**The records:**
* * *
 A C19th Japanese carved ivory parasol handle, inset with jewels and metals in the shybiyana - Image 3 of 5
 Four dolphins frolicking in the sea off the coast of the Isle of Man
* * *
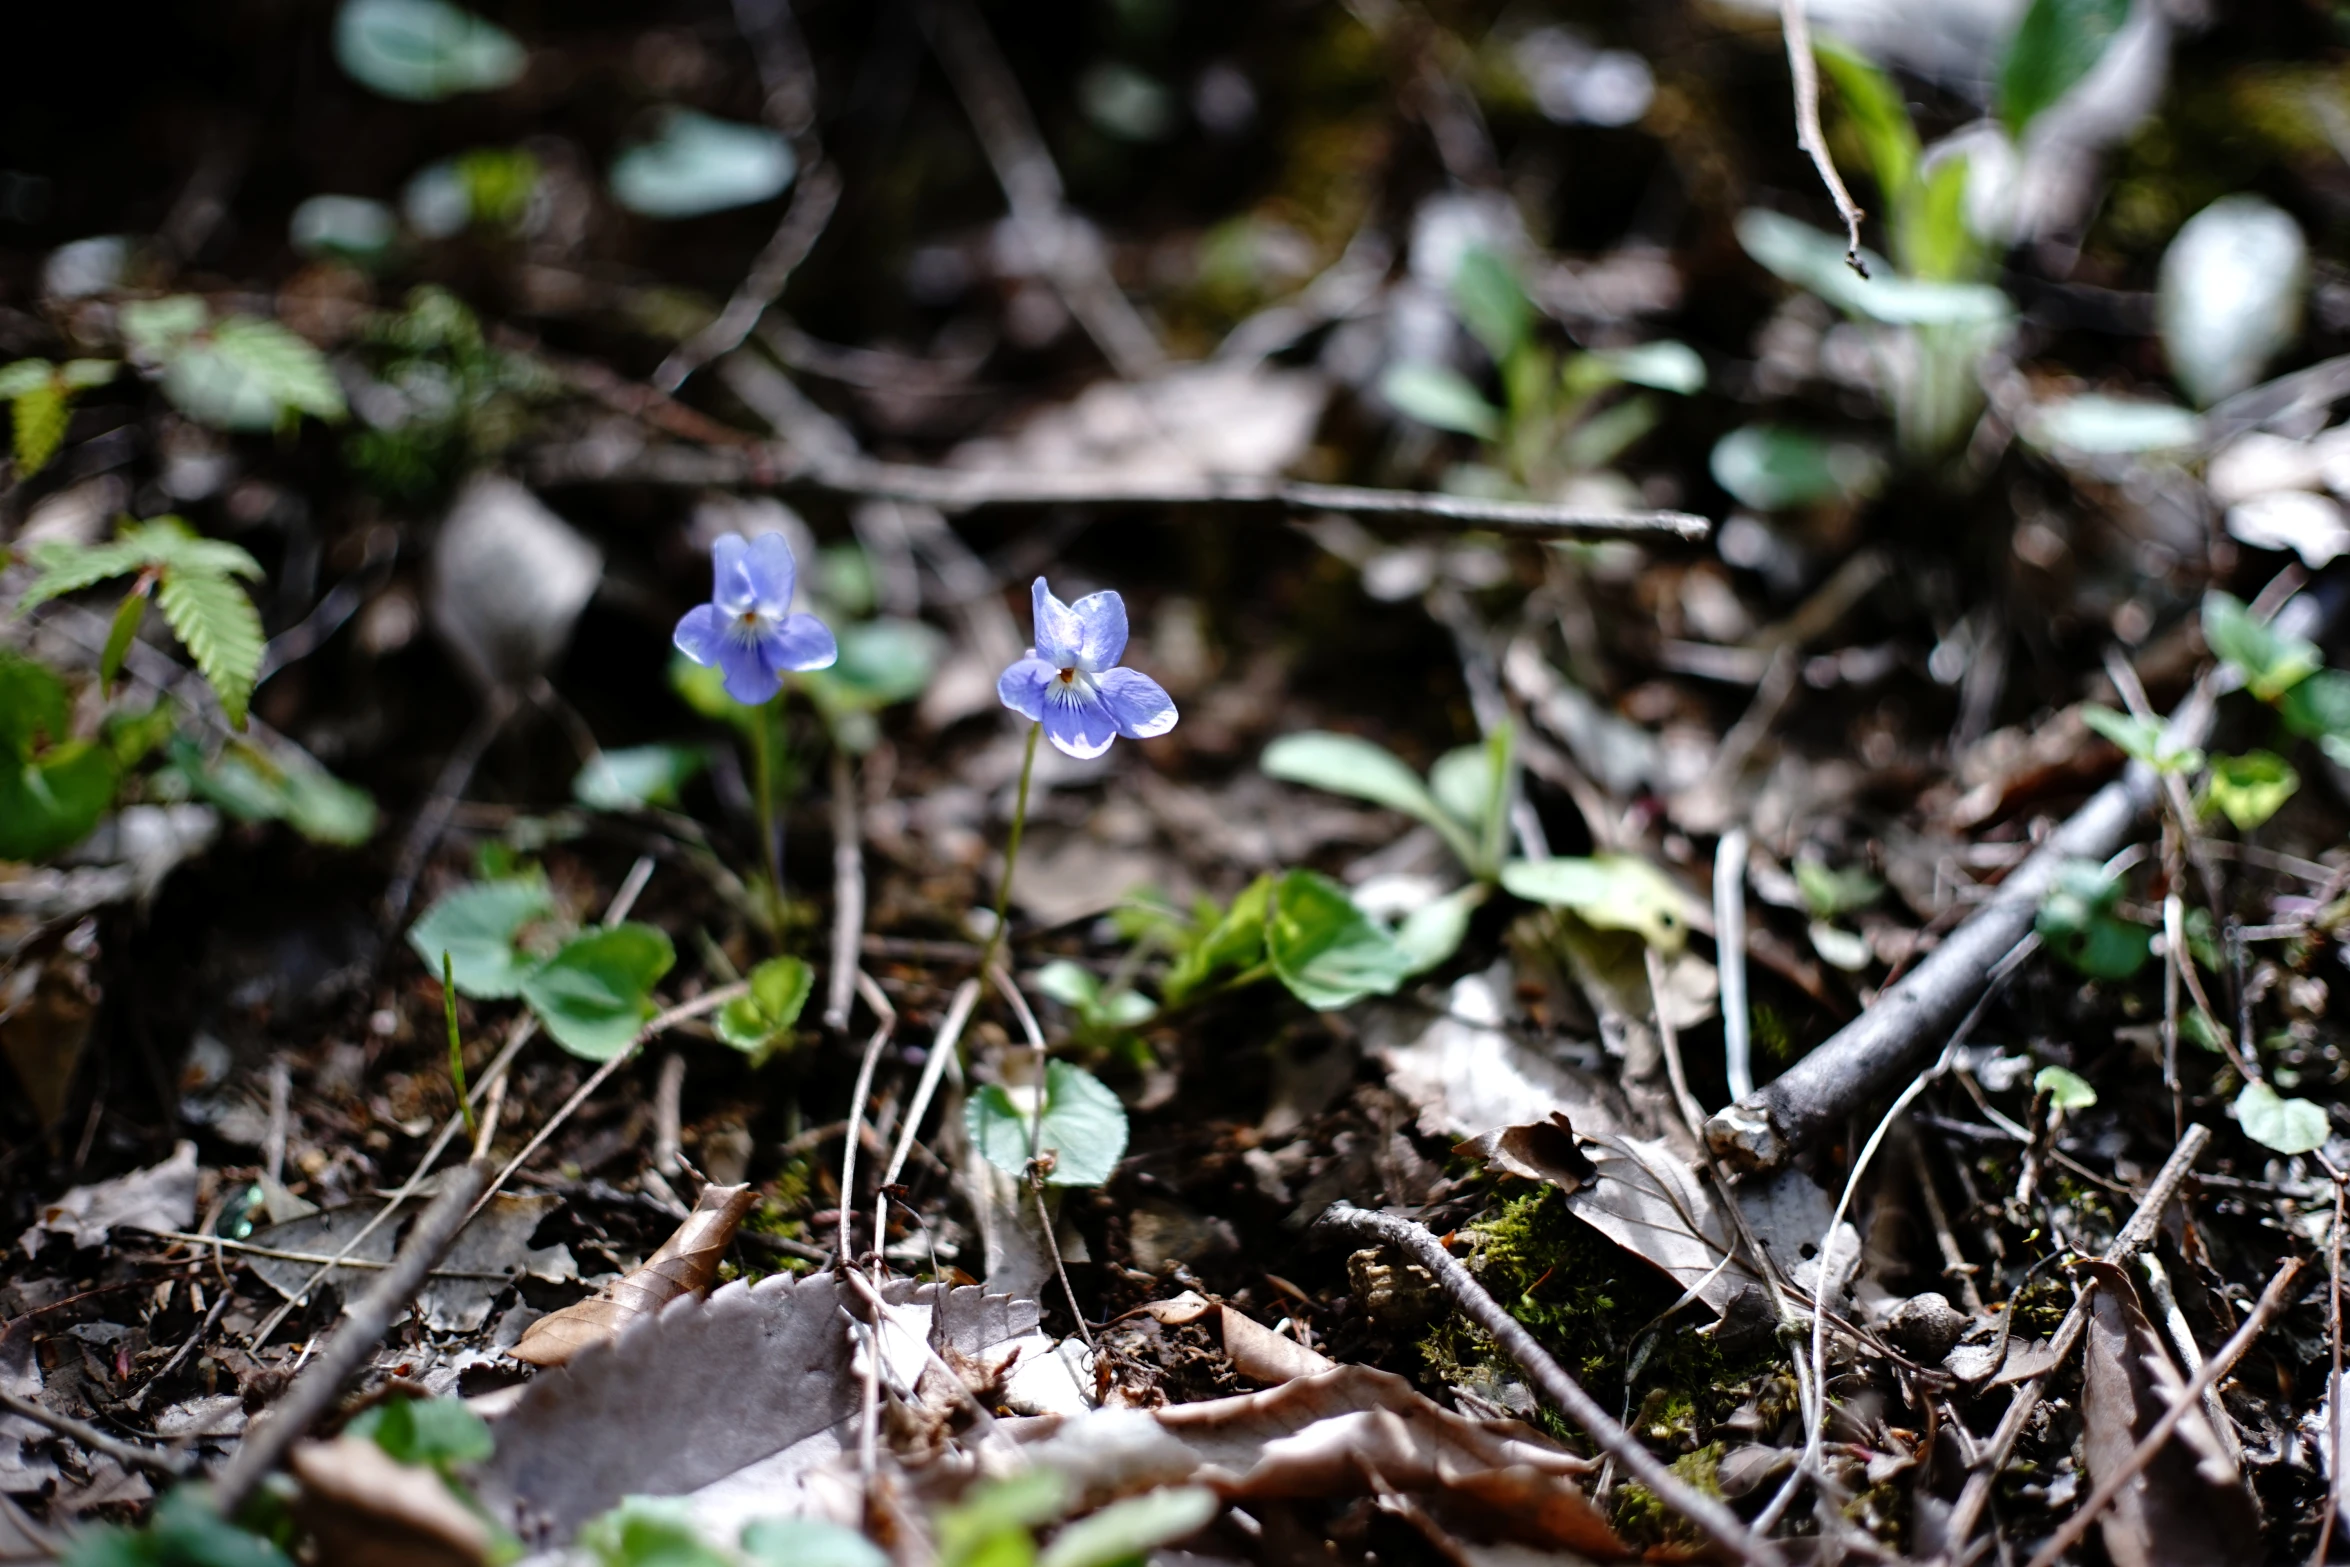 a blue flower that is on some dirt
* * *
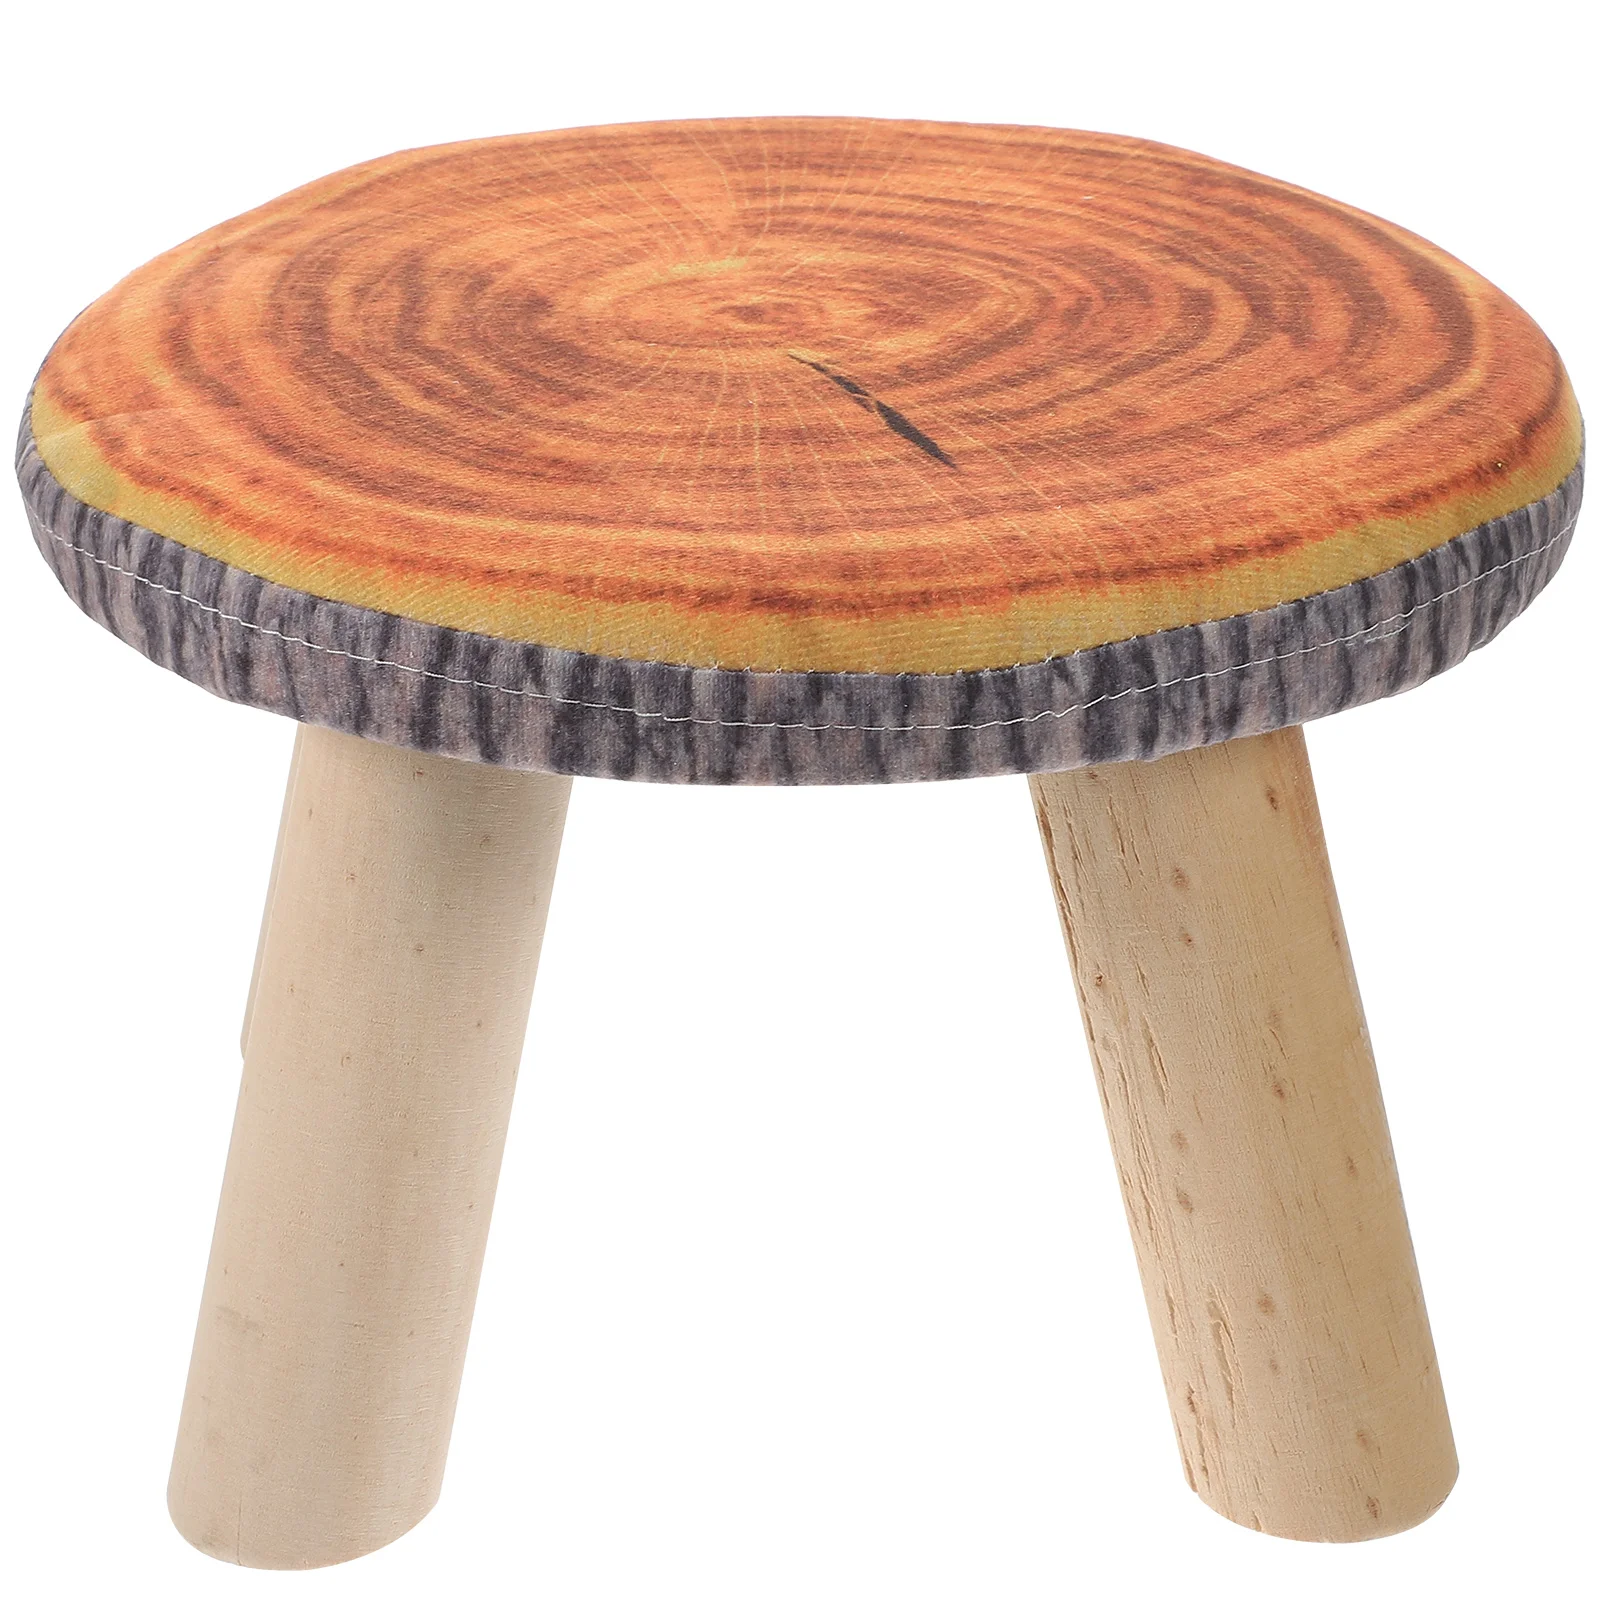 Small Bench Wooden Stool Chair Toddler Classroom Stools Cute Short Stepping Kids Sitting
* * *
Within the listing above, locate the line containing "A C19th Japanese" and the line containing "Four dolphins frolicking". Reproduce those two lines and all lines between them exactly, with nothing added.

 A C19th Japanese carved ivory parasol handle, inset with jewels and metals in the shybiyana - Image 3 of 5
 Four dolphins frolicking in the sea off the coast of the Isle of Man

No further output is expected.